Made in Oregon is a private company founded in Portland, Oregon, United States in 1975 by Portland businessman Sam Naito.  The company is a gift retailer that specializes in Oregon-made products.  It was originally owned by Norcrest China Company, an import business co-owned by Sam Naito and his brother Bill Naito, until Norcrest was reorganized as H. Naito Corporation in 1992.

The first Made in Oregon store opened in 1975 in an  space at Portland International Airport, and was one of the first retailers in what became the Oregon Market inside the airport.  The idea of offering products from one state was then a novelty; now the concept has been often copied. The chain had expanded to 11 stores by 1989 and had stores in 12 locations in 1998.

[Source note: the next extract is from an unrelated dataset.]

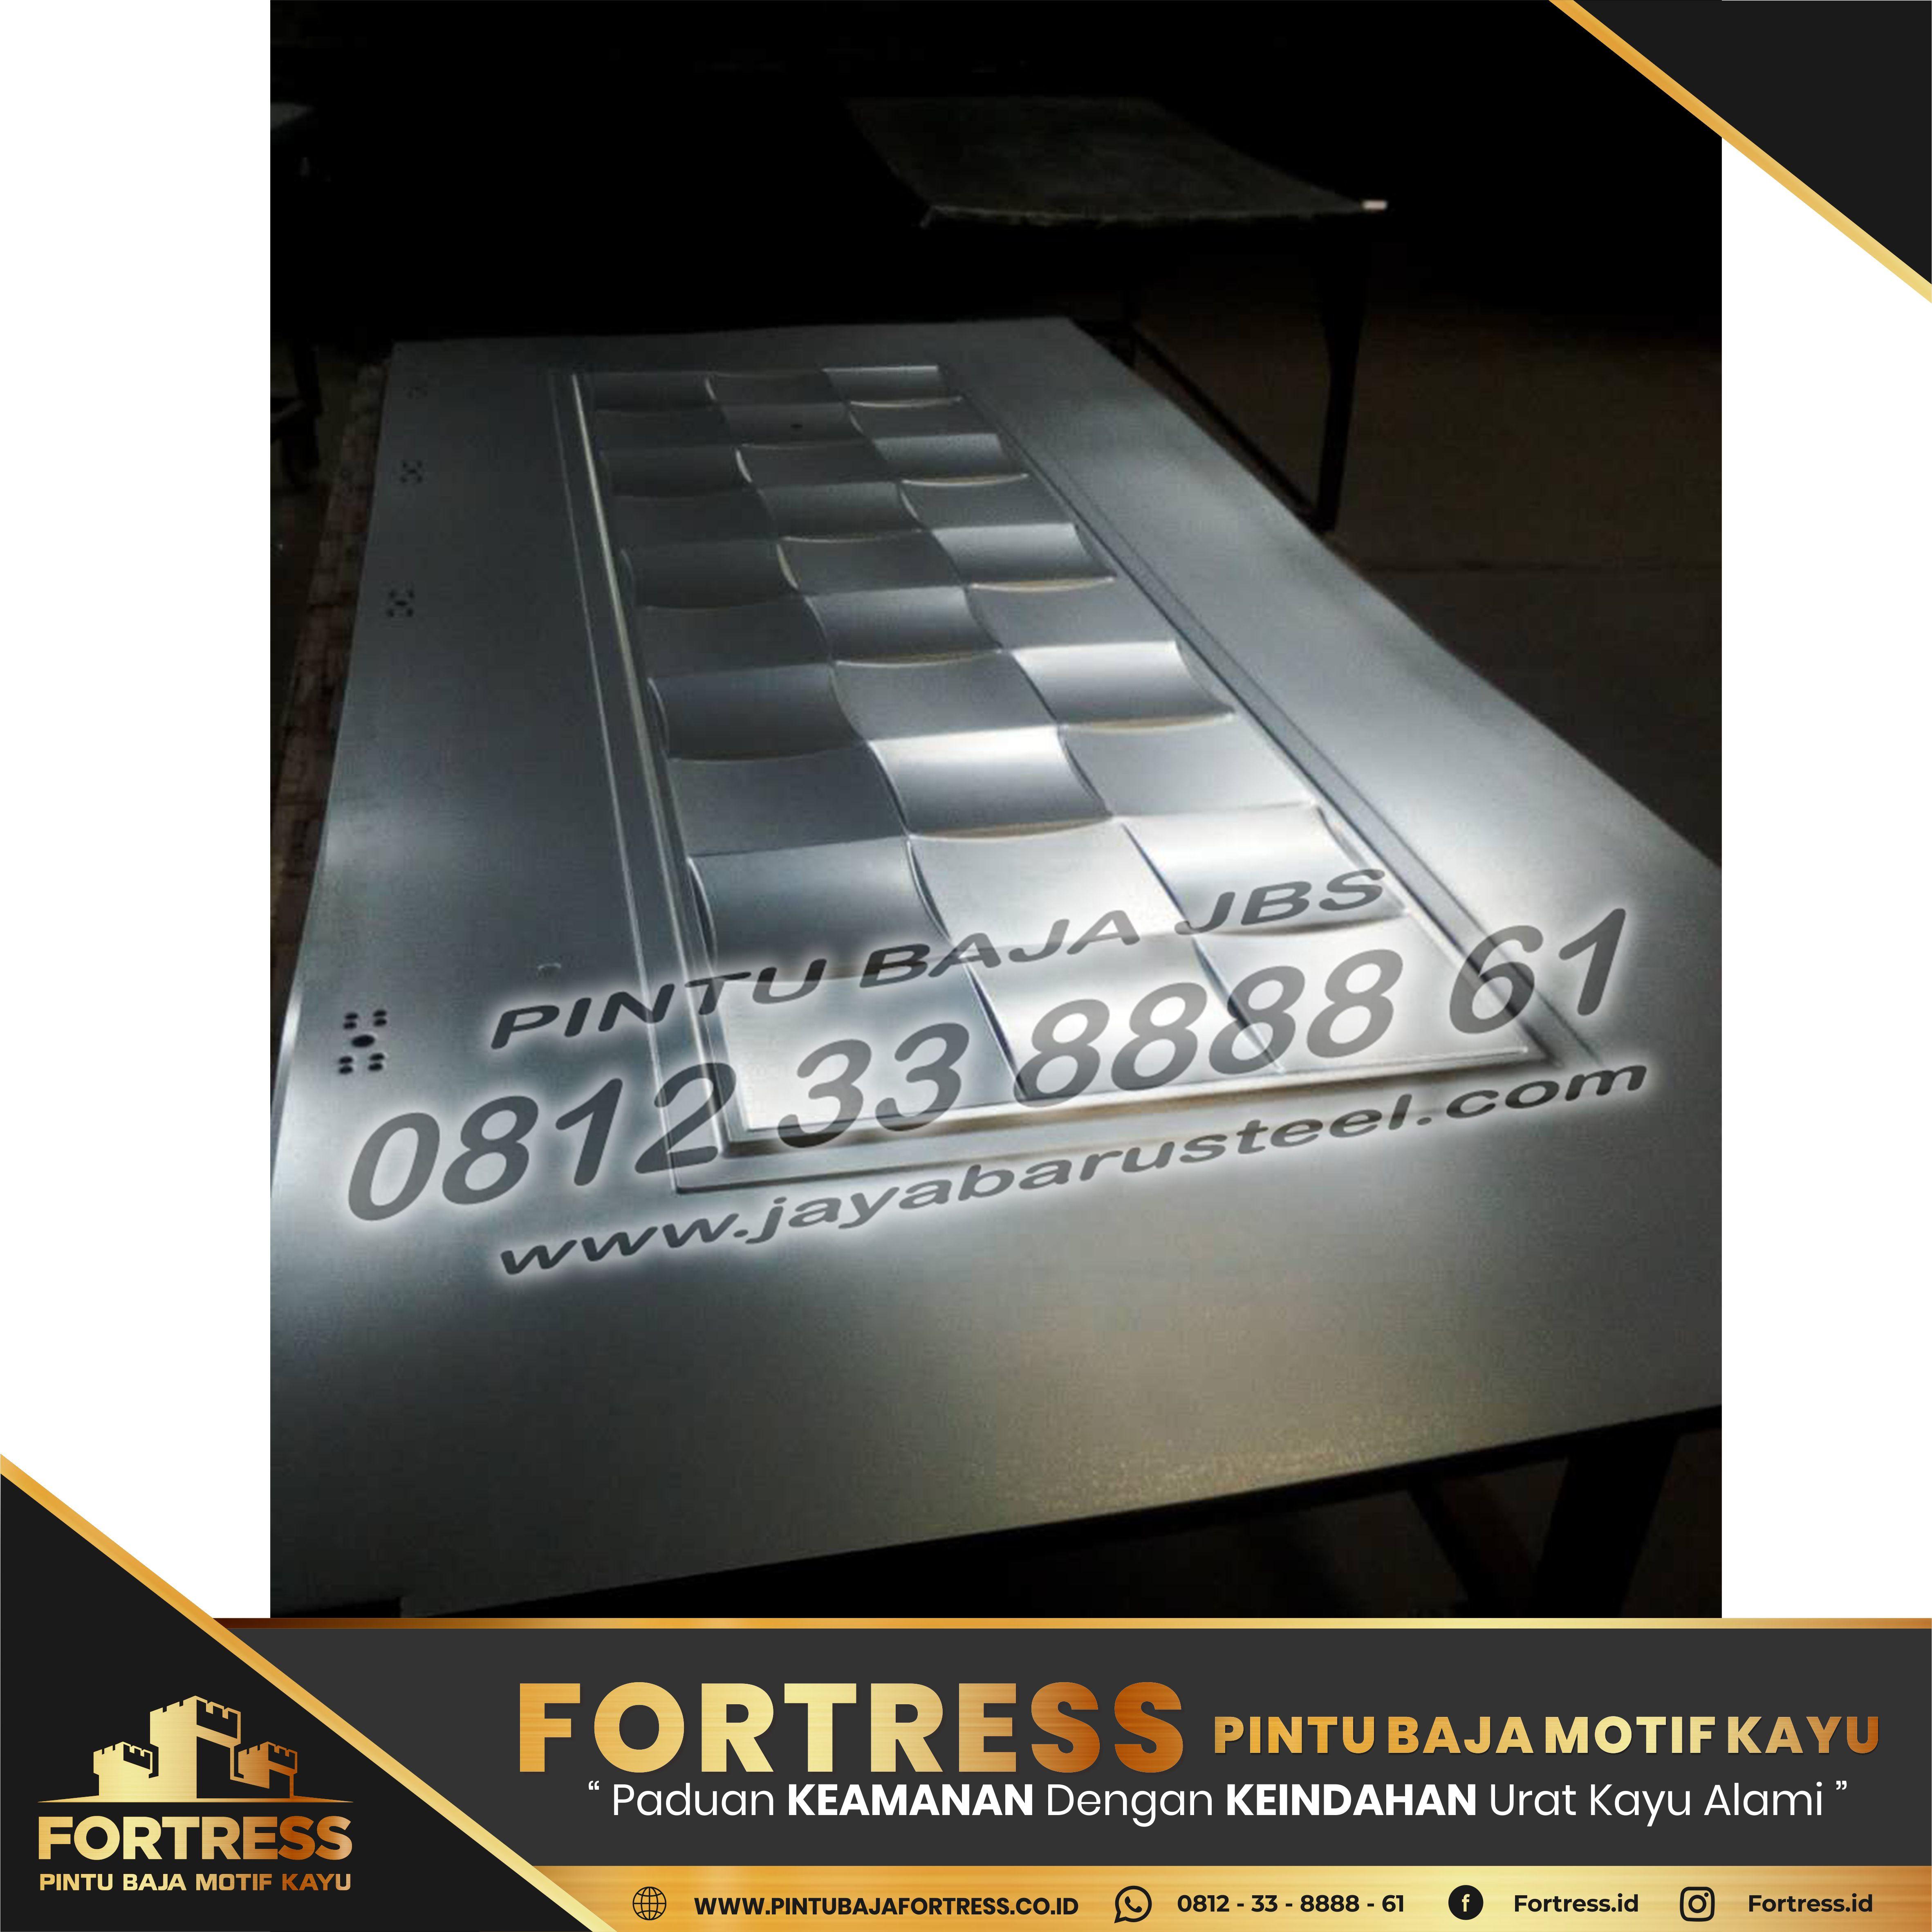 0812-91-6261-07 (FORTRESS) Manufacturer of Massive Banjar Steel Doors, …
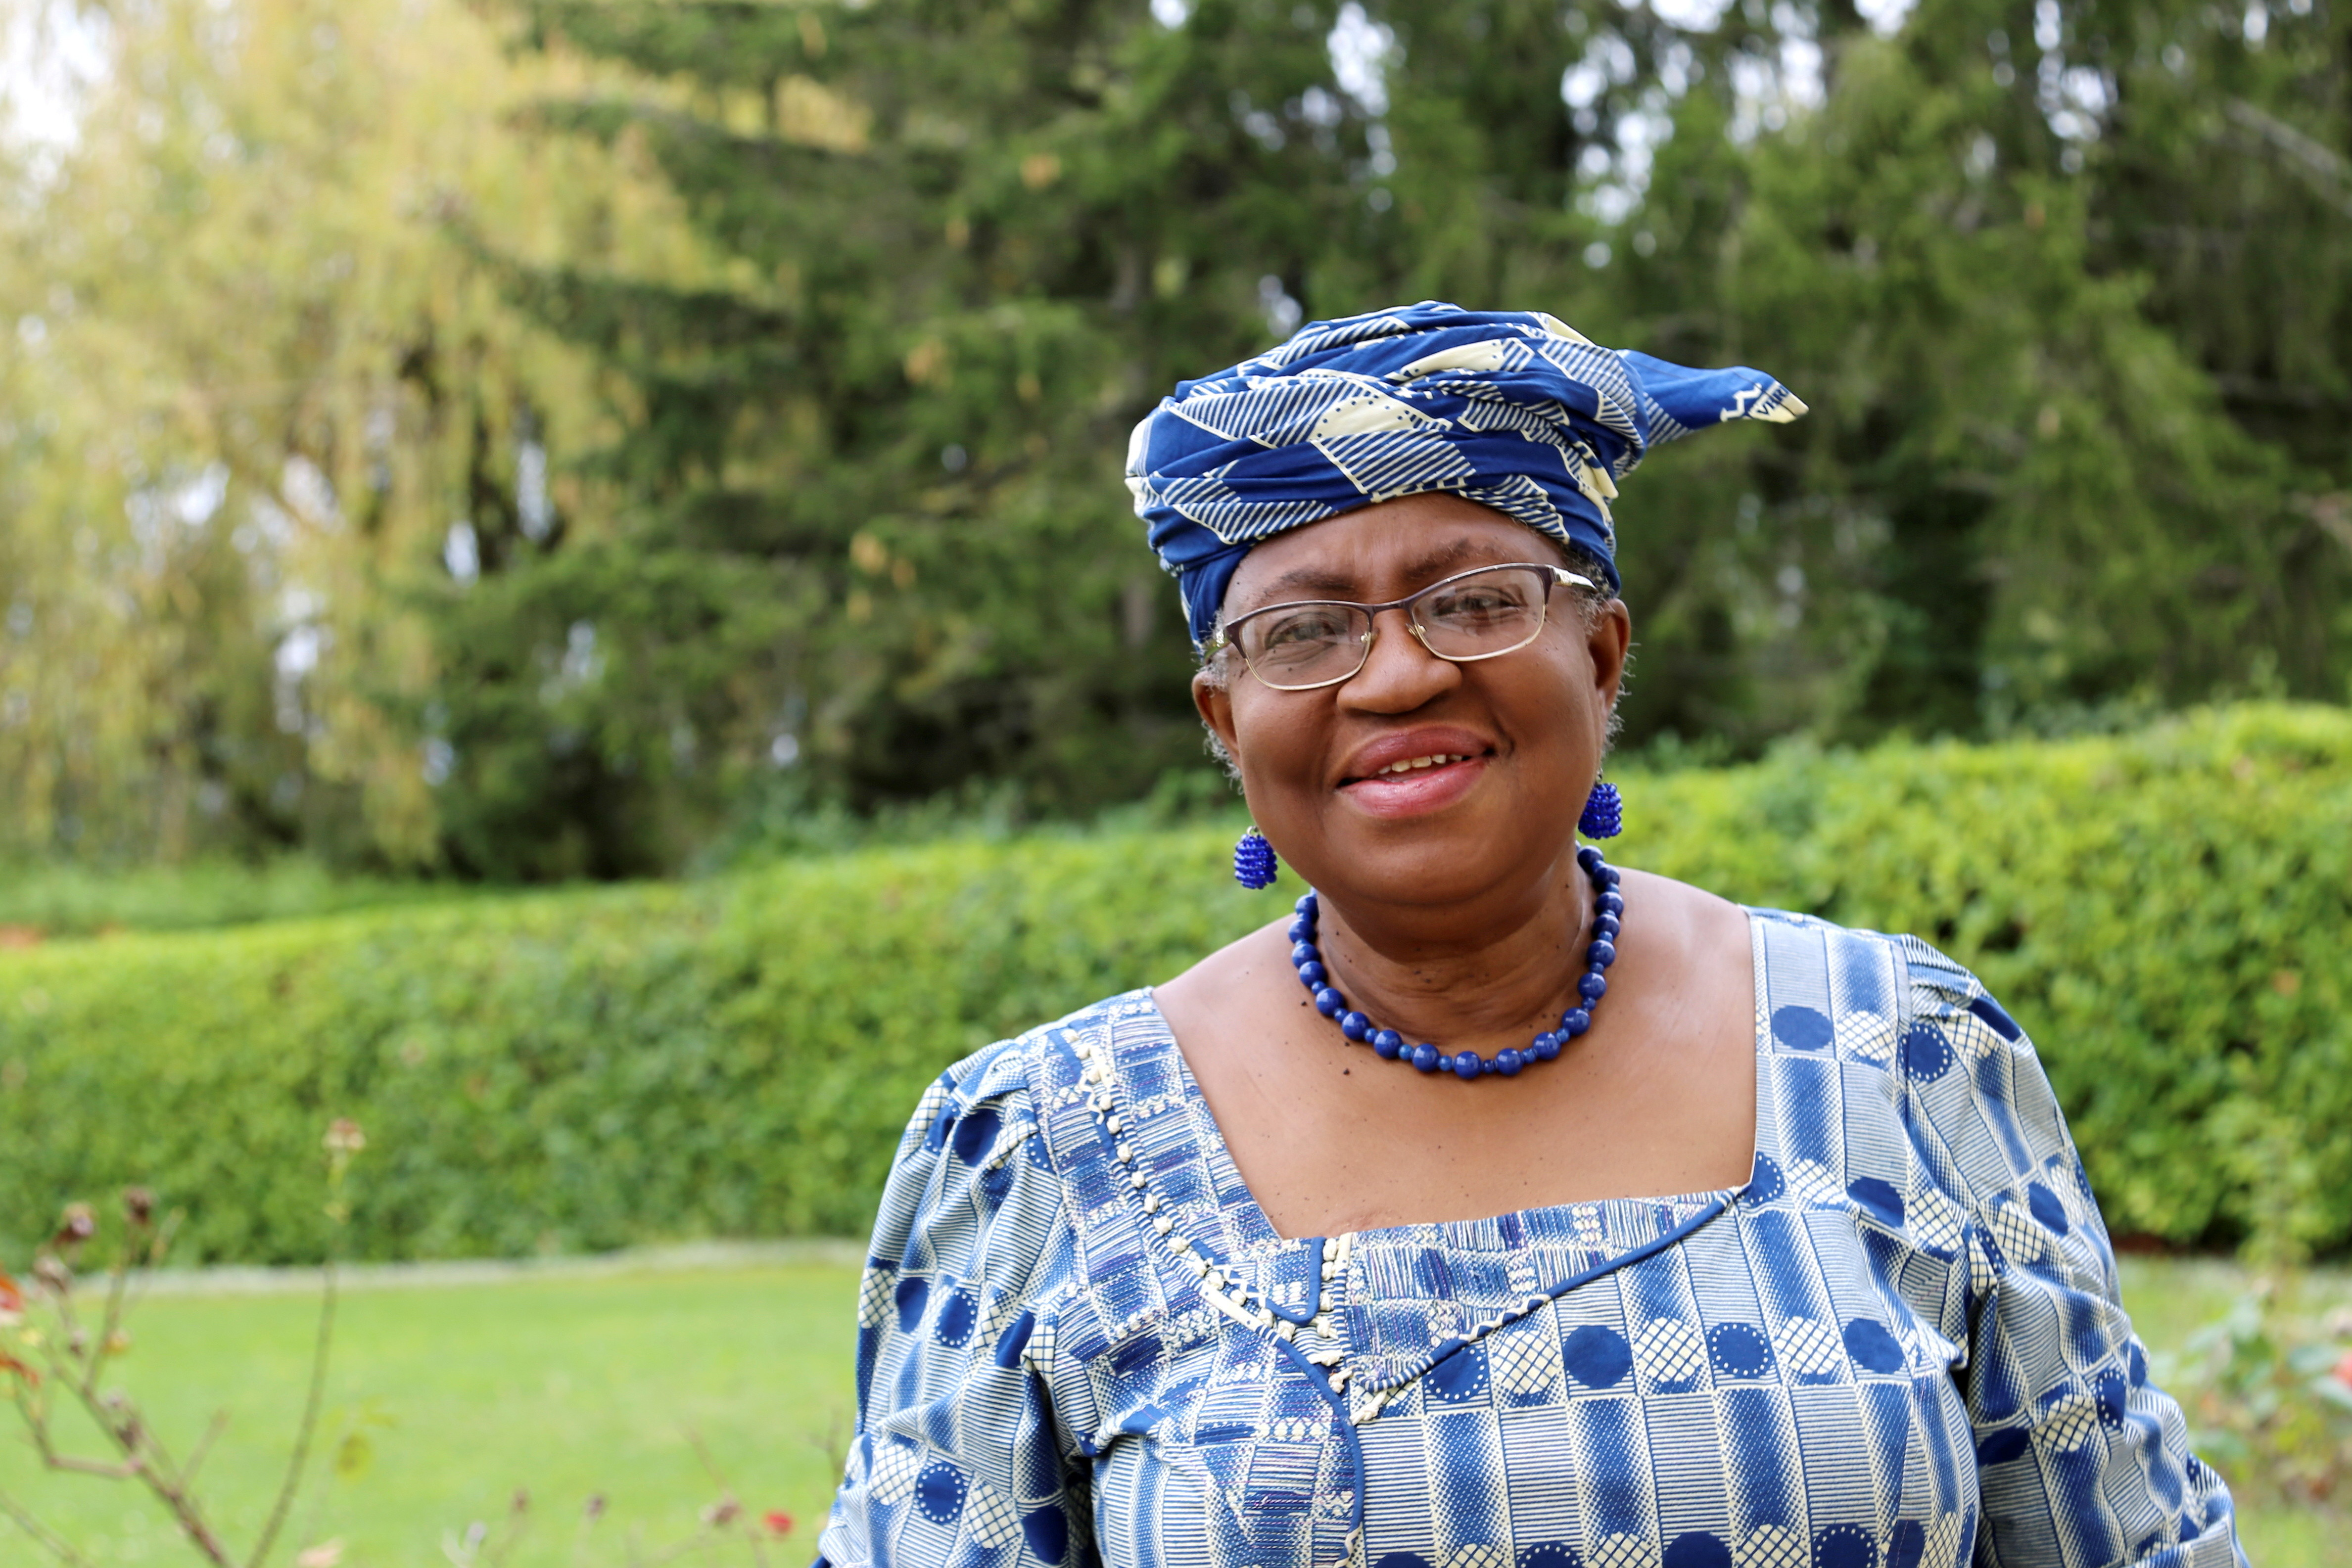 Ngozi Okonjo-Iweala poses outside a Nigerian diplomatic residence in Chambesy, near Geneva, Switzerland

As of 2010, Made in Oregon had 9 retail locations, including two locations in Portland International Airport, four elsewhere in the Portland Metro Area, and one each in Eugene, Salem and Newport. The company also has a mail-order catalog and an e-commerce website where it sells goods from more than 2,000 Oregon manufacturers and artisans. Products sold include food, clothing, jewelry, and arts and crafts.

"Made in Oregon" sign

From 1997 until 2010, a lighted neon-and-bulb sign located atop the White Stag Building at 70 NW Couch Street in downtown Portland, facing the Burnside Bridge, advertised the company.  In place since the 1940s, the sign is one of the identifying landmarks of Portland and was designated a City of Portland Historic Landmark in 1977. During the Christmas season, the nose of the deer glows red in imitation of Rudolph the Red-Nosed Reindeer. The sign was leased from Ramsay Signs by Made in Oregon owner H. Naito Corp. (formerly Norcrest China Co.).  In 1996, Bob Naito, then vice president of H. Naito Corp., said the company had offered to buy the sign, but that Ramsay Signs was "unwilling to sell it."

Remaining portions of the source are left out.